Bunny, wanting to demonstrate his own worthiness to Raffles, proposes they burgle his childhood home, now owned by a rich man named Guillemard who has altered the property to accommodate stables of horses, in Horsham. Bunny visits old friends in order to take photographs of the place and show them to Raffles. Bunny suggests they try for Guillemard's bedroom on the night when Guillemard will celebrate a horse race by hosting a dinner-party. Raffles prepares himself and his tools for the job, but on the understanding that Bunny will lead.

On the night of the dinner-party, Raffles and Bunny meet near the house. They sneak through the garden, and observe that all the house's inhabitants are in the dining room. They use Raffles's rope-ladder to ascend to the balcony of Bunny's old room, and proceed to the main bedroom. Raffles jams the door with wedge and gimlet, and Bunny draws the bolt on the connected dressing room's outer door. Bunny lowers the rope-ladder from the bedroom window, to prepare a way of escape. Raffles rifles the bedroom, but finds nothing of value.

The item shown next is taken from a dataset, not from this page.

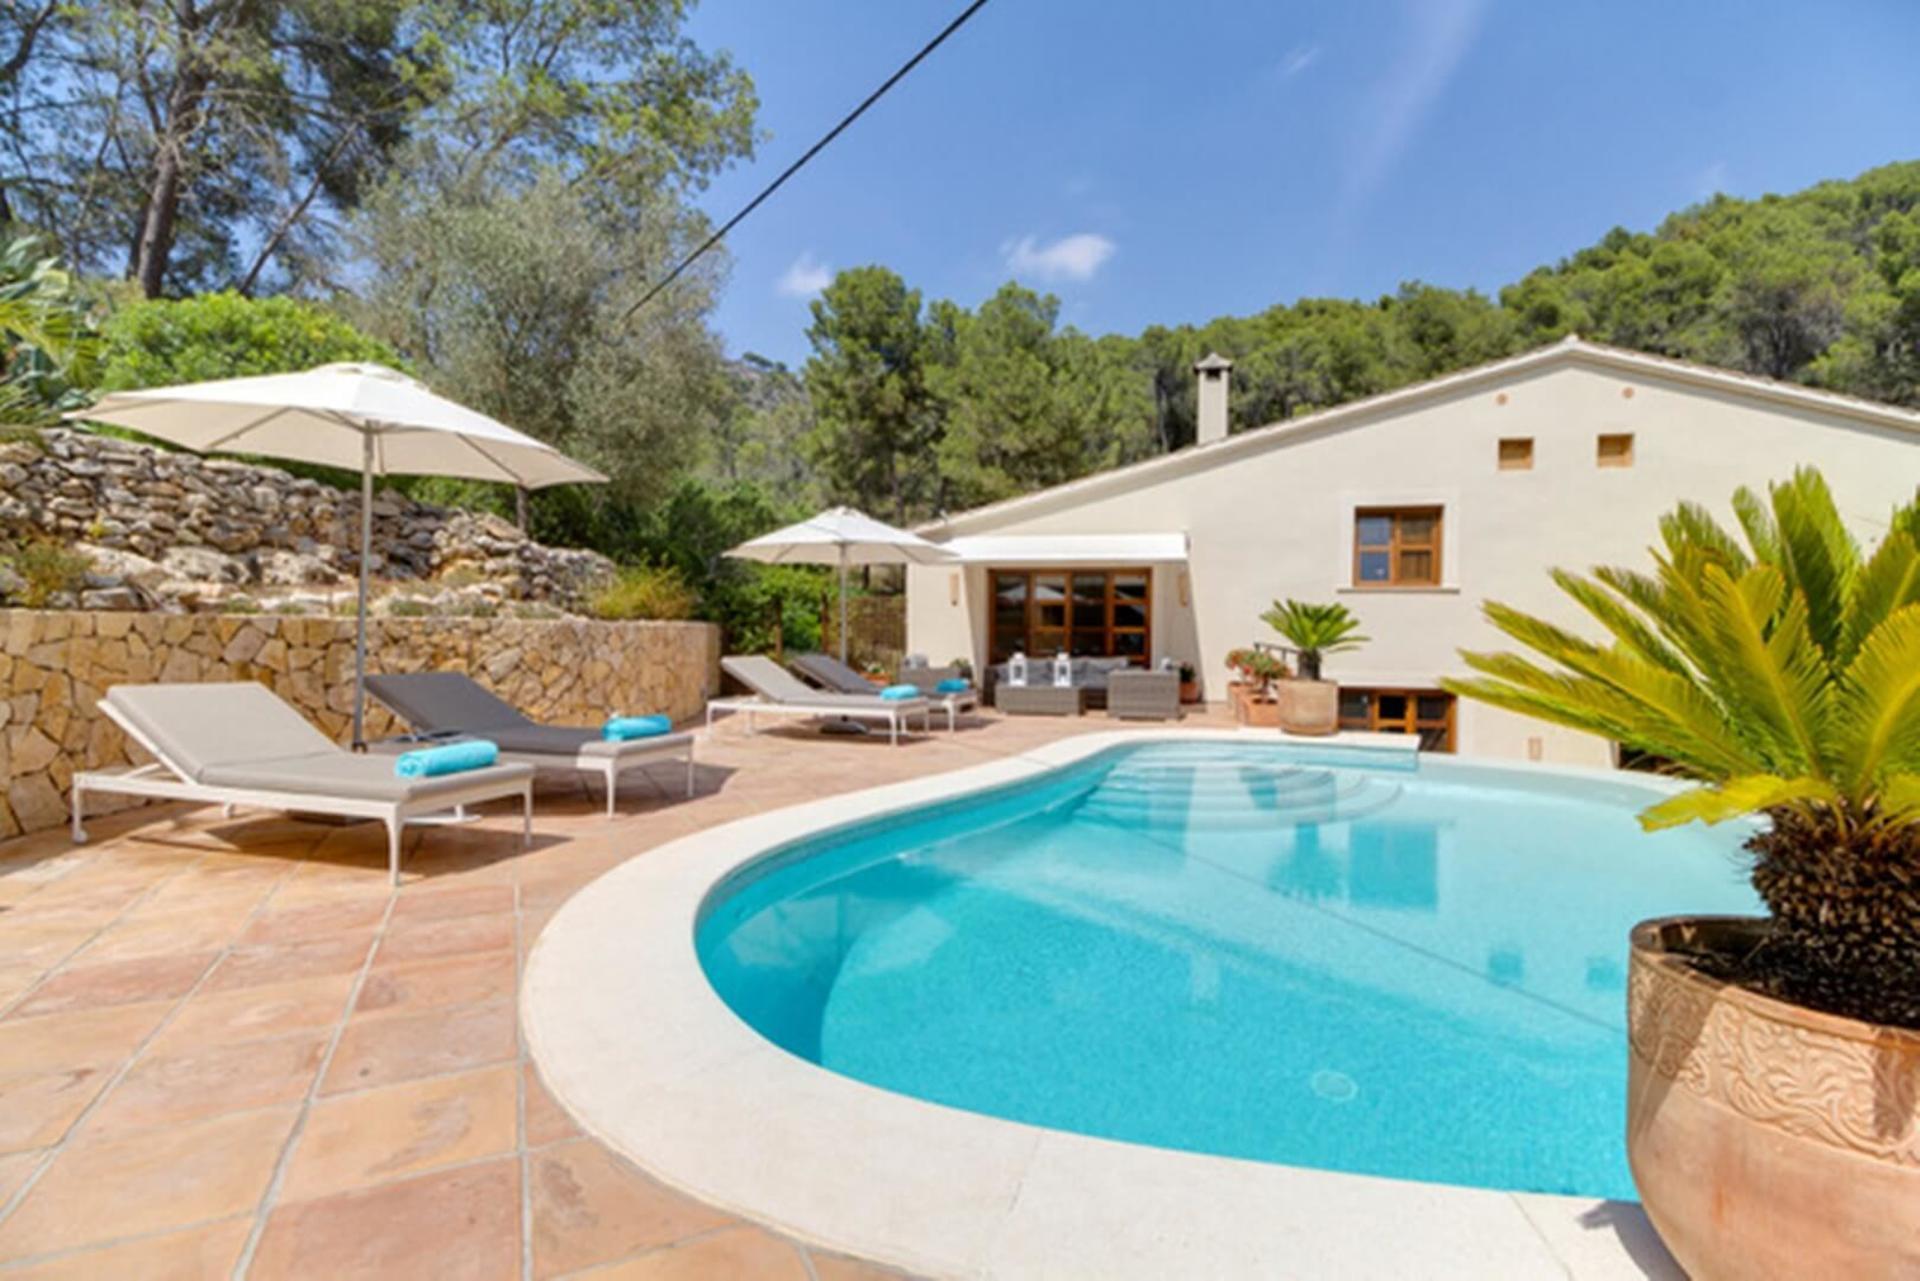 Luxury Mallorca Holiday Villa with Private Pool and Garden, Villa Cami

In the dressing room, Raffles is encouraged by the presence of the door's bolt. While he jimmies open a chest, Bunny wanders back to the bedroom, in time to see the rope-ladder be removed from below. Alarmed, Bunny retreats and tells Raffles. They pocket some jewel cases, and Raffles follows Bunny out the bedroom door. They are spotted by Guillemard and other men climbing the stairs. Raffles and Bunny hurry through the hallway and upstairs, into a room underneath the house's tower. They climb the stepladder and shut the trapdoor, hitting Guillemard.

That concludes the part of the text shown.